The procedure used in ASGS  has been adopted for compiling the graphs. The transcript information, including start and stop of each exon are compiled from the GTF file for each of the three genomes to generate the splicing graph. All transcripts are converted to the leading strand for consistency. Exons are divided into two main groups; distinct and variant. The exon that occurs in the majority of transcripts is retained as the distinct exon, with the rest classified as variant.
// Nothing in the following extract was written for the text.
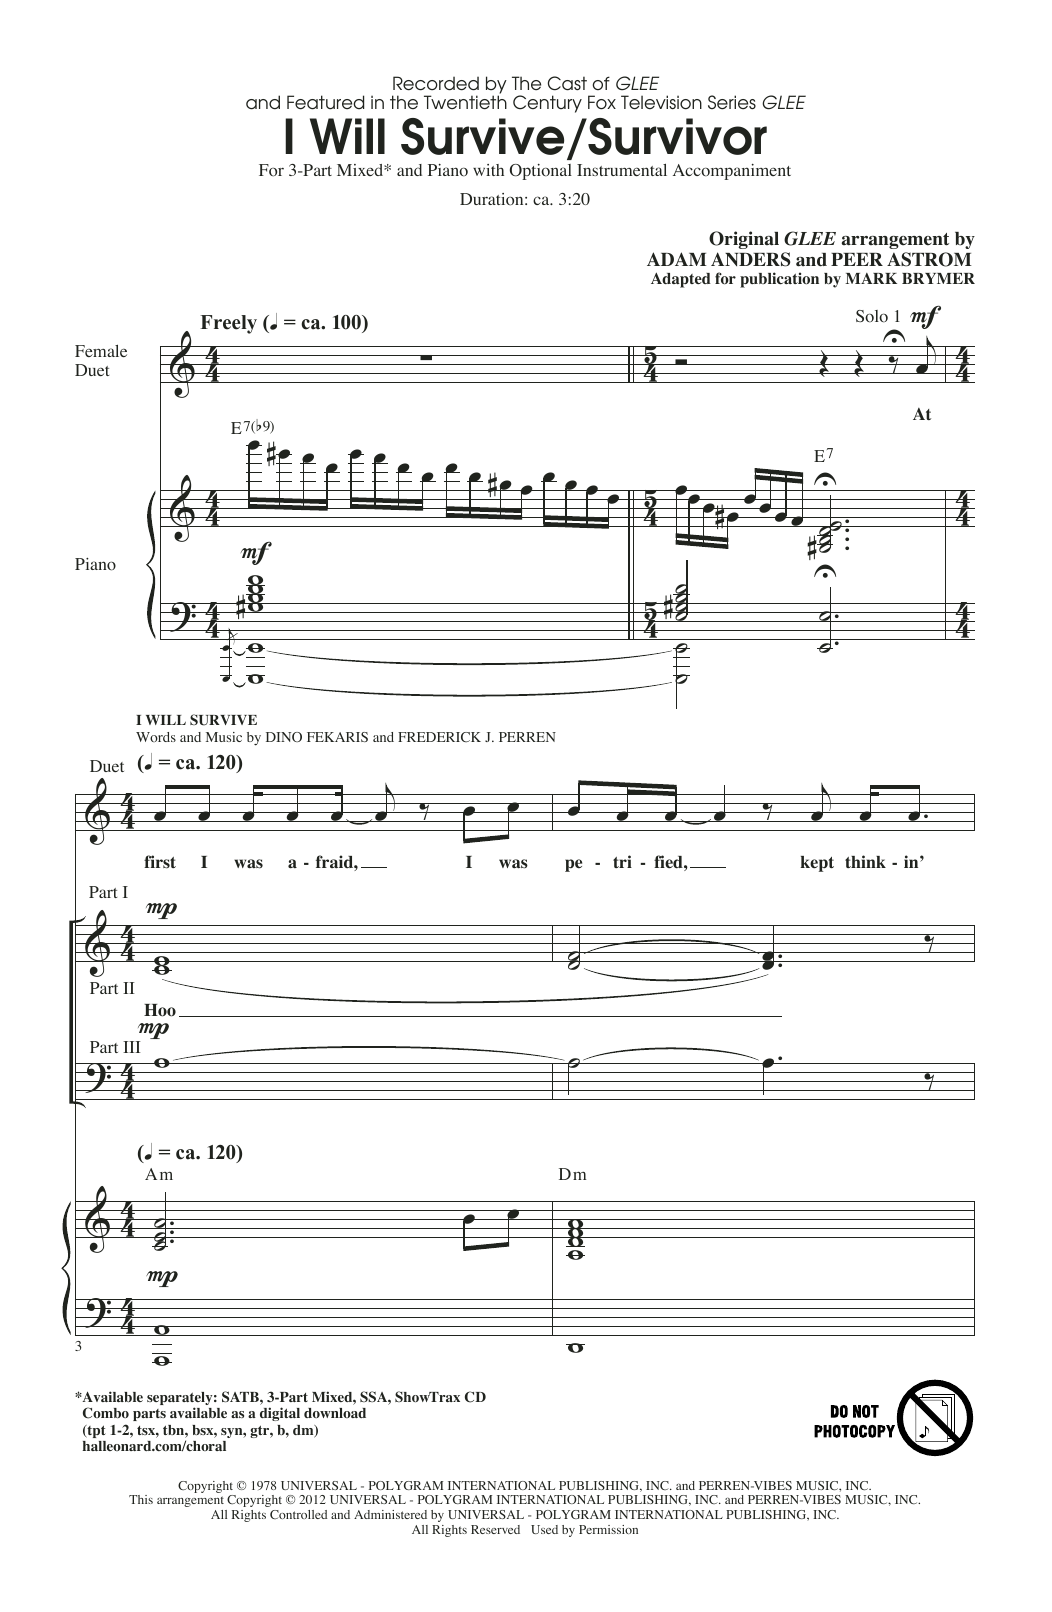 Glee Cast I Will Survive/Survivor (arr. Mark Brymer) Sheet Music Notes & Chords for SATB Choir - Download or Print PDF

When exons overlap, the exons with well-determined borders, occurring in most of the transcripts is considered to be distinct. If an exon is completely contained in another larger exon, these are not merged but retained as individual exons, considered variant and then entered into a list maintaining the mapping of variant exons to distinct exons . Splicing graphs are then generated using these distinct and variant exons. The first line of the resultant splicing graph is composed entirely of distinct exons, followed by subsequent lines showing the locations of variable exons. The exons are connected by edges, representing introns in the set of transcripts provided. Splicing graphs were compiled for every alternatively spliced gene for the three genomes. The splicing graphs were then further analysed to identify the splicing events and patterns for orthologous genes.
Basic statistical measures like the mean, median and standard deviation were calculated for all three genomes in order to analyse the exon and intron size conservation across the three genomes for the complete and orthologous AS gene sets. The number of exons per transcript for the three genomes was also calculated.
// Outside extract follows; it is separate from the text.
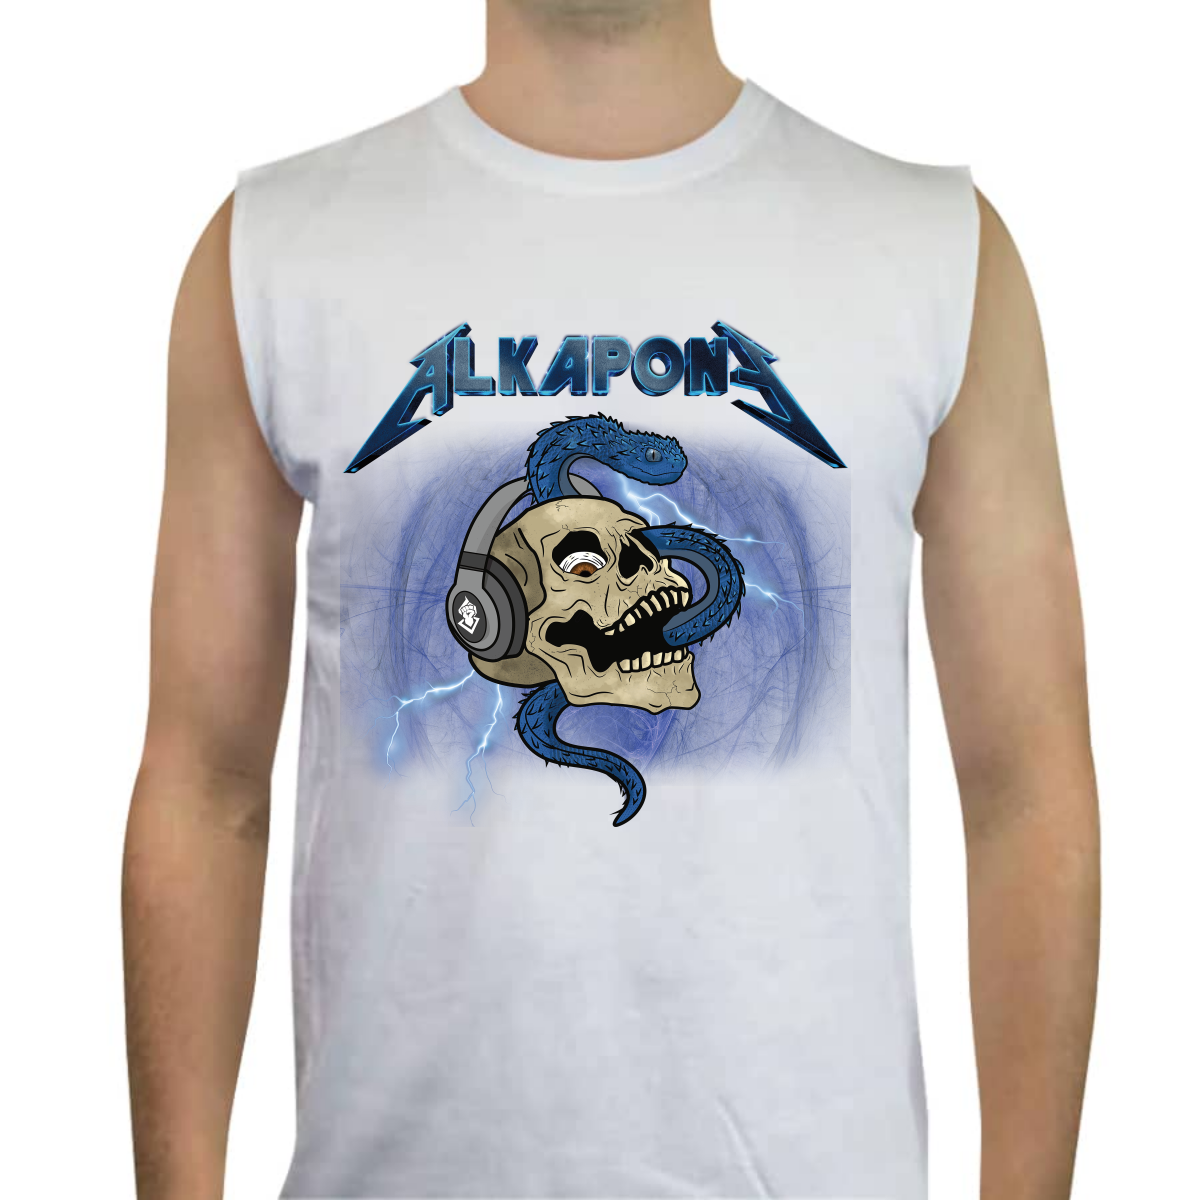 Camiseta tank top alkapone metalica rayo con craneo

Splice site mutations are believed to cause several genetic diseases. It is therefore very important to identify variations in the splice site. The frequencies of GT-AG, GC-AG, AT-AC splice site motifs were computed for bovine and analysed and compared to the splice site information for human and mouse obtained from ASTD.
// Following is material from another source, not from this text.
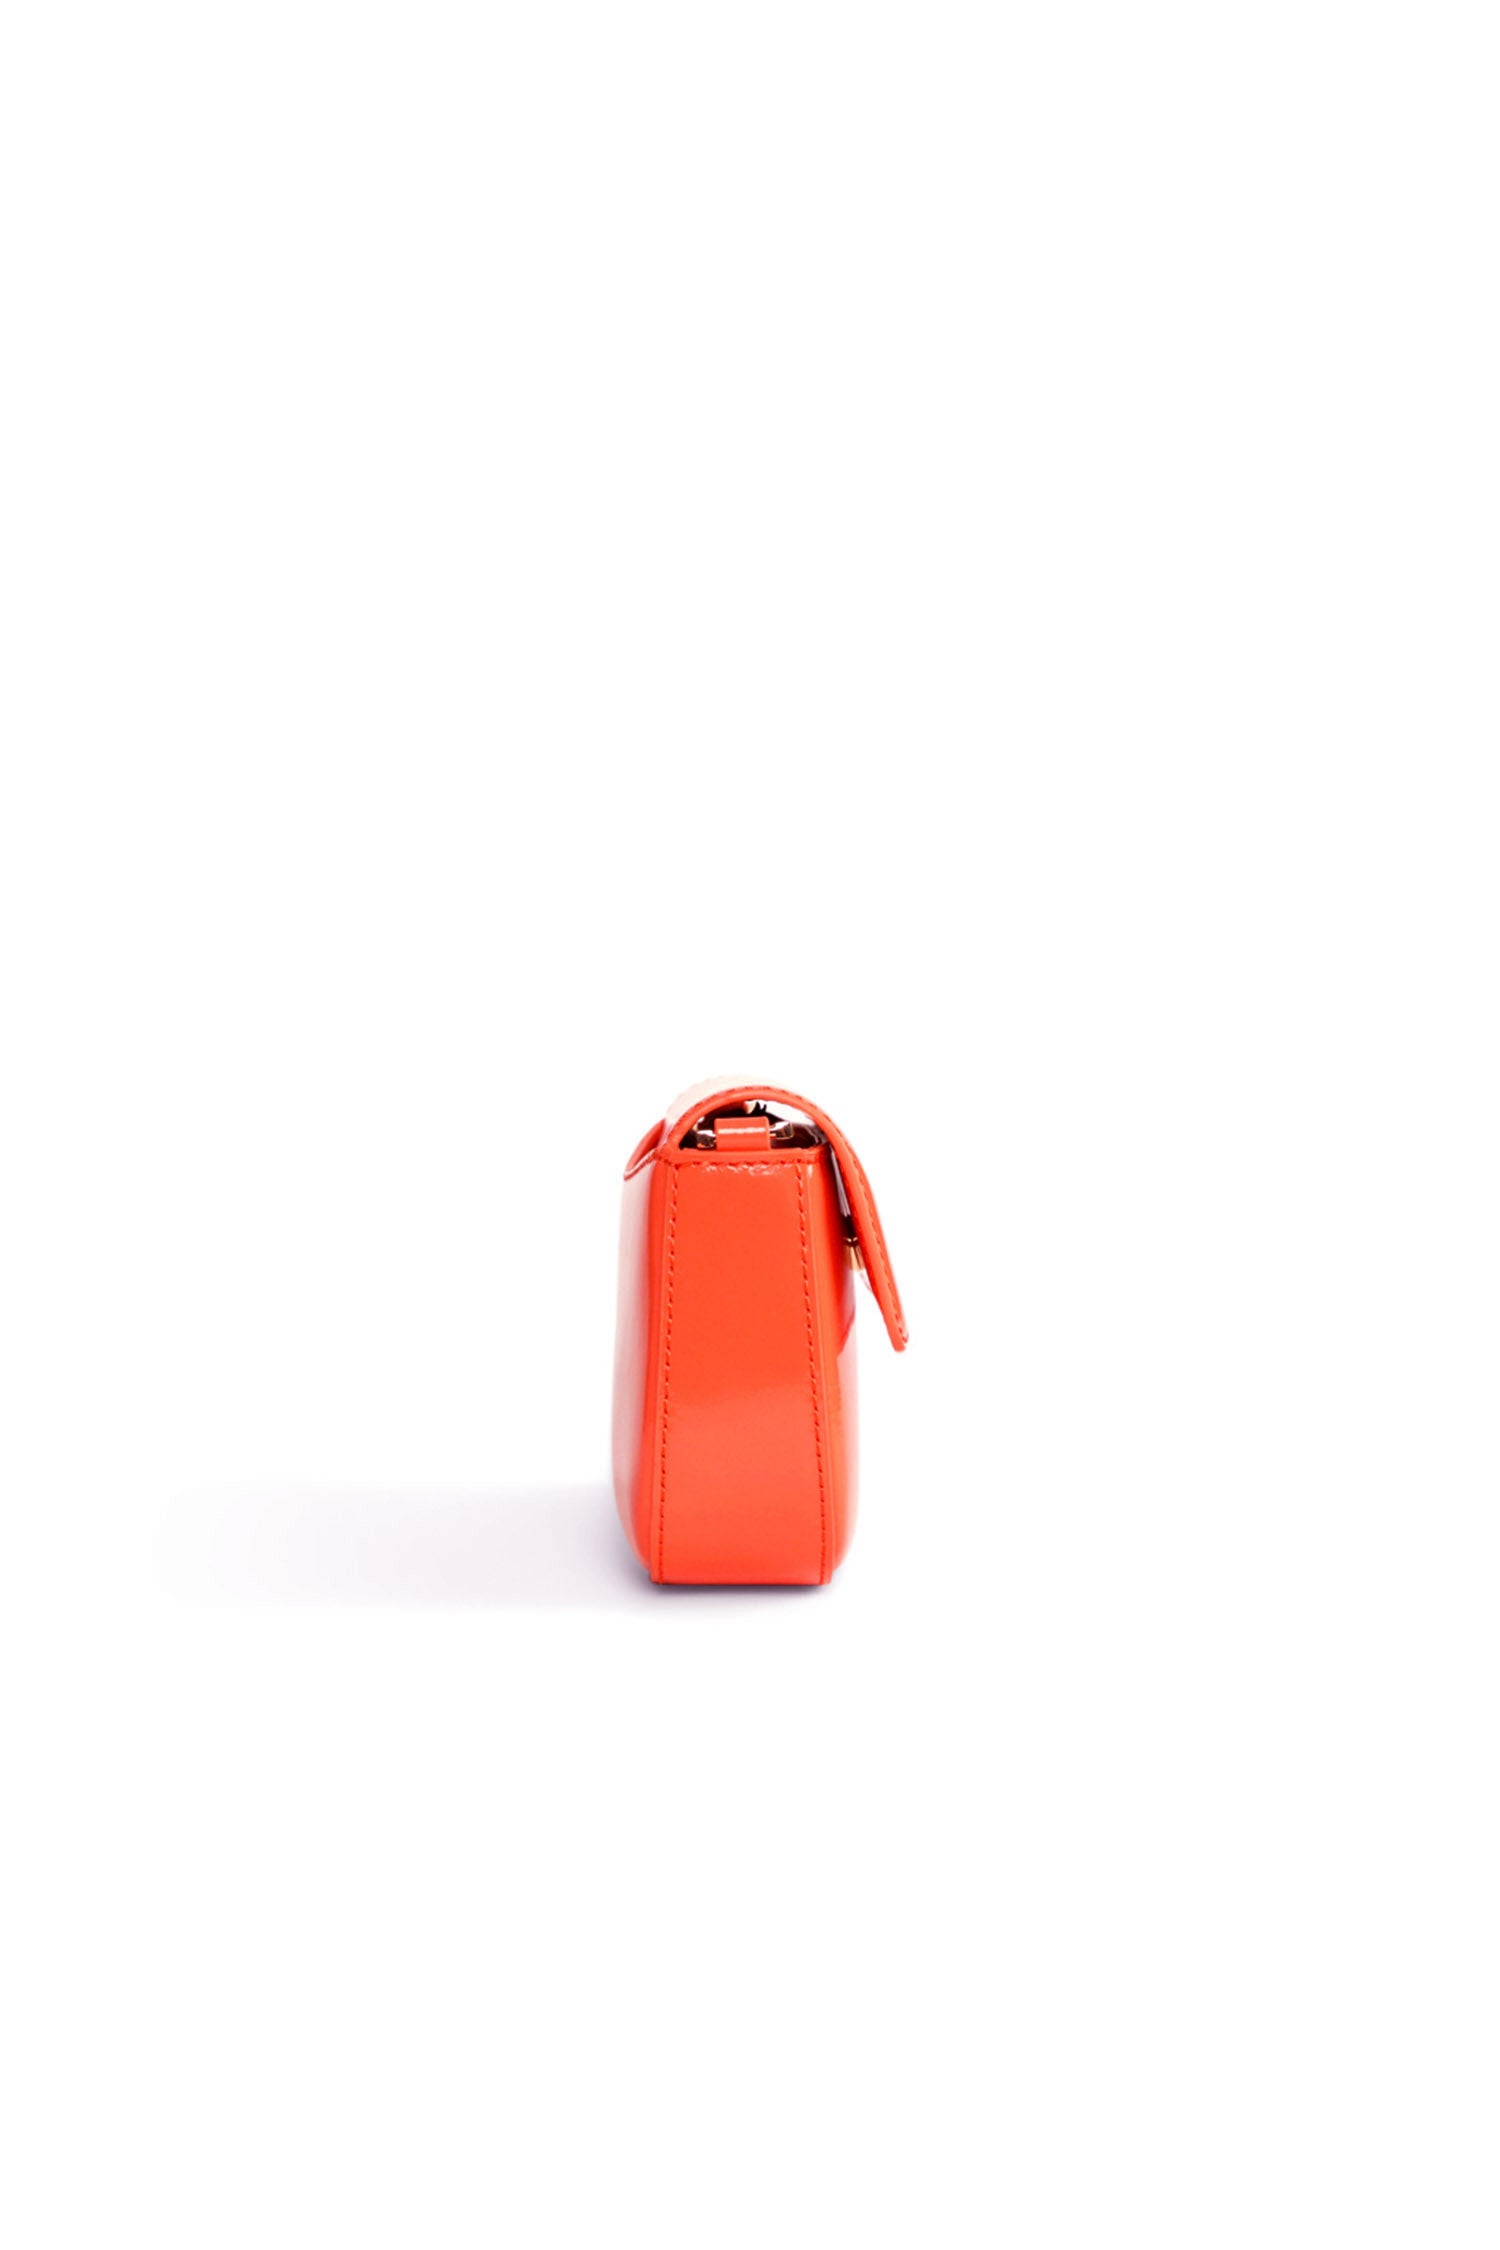 The Amelia Patent Bag Orange Sunset

Analysis of the GO annotations was conducted for two sets of data. In the first set, the transcript sequences of orthologous bovine AS genes obtained from Ensembl were processed using ESTScan, as it can detect and extract coding regions from low quality sequences with high selectivity and sensitivity and is also able to accurately correct frame shift errors . To obtain even datasets, the human and mouse transcript sequences were also processed using ESTScan. The output was then processed using another bioinformatics tool, Blast2GO , which we have successfully used in the annotation of expressed sequence tag sequences . The BLAST results from this program were then mapped to GO terms to obtain the GO annotation. The annotation output file was then processed using a plotting tool, WEGO  in tool to compile the GO annotation results into category-based lists.
The second dataset was a text file comprising GO annotations for bovine AS genes orthologous to human and mouse AS genes, obtained from Ensembl using the BioMart  tool. The second dataset was reformatted and put through the WEGO tool to compile the GO annotation results for plotting.
A well-annotated set of all available (94) human disease genes was extracted from NCBI Genes and Disease database , with the view towards analysing which of these genes were alternatively spliced in human and bovine genomes. Of these 94 genes, AS analysis was conducted on the 66 spliced genes (with more than one transcript). The two most important events, cassette exon and intron retention, were examined in detail in these 66 genes. These exons were then mapped onto the orthologous exons in bovine using CLUSTALX  multiple sequence alignment tool to identify the conservation of these exons and the splicing event, across the two species. Irrespective of the position of the exons in different transcripts, if two pairs of exons have a good percentage of alignment they are still considered as conserved exons, thereby implying that in the event of exon shuffling, the exon pairs are still considered conserved.
We identified eight human disease genes that have bovine orthologues. The protein sequences encoded by the transcripts for these human and bovine genes were analyzed using Pfam  domain search tool to identify the effects of alternative splicing on the functional protein domains.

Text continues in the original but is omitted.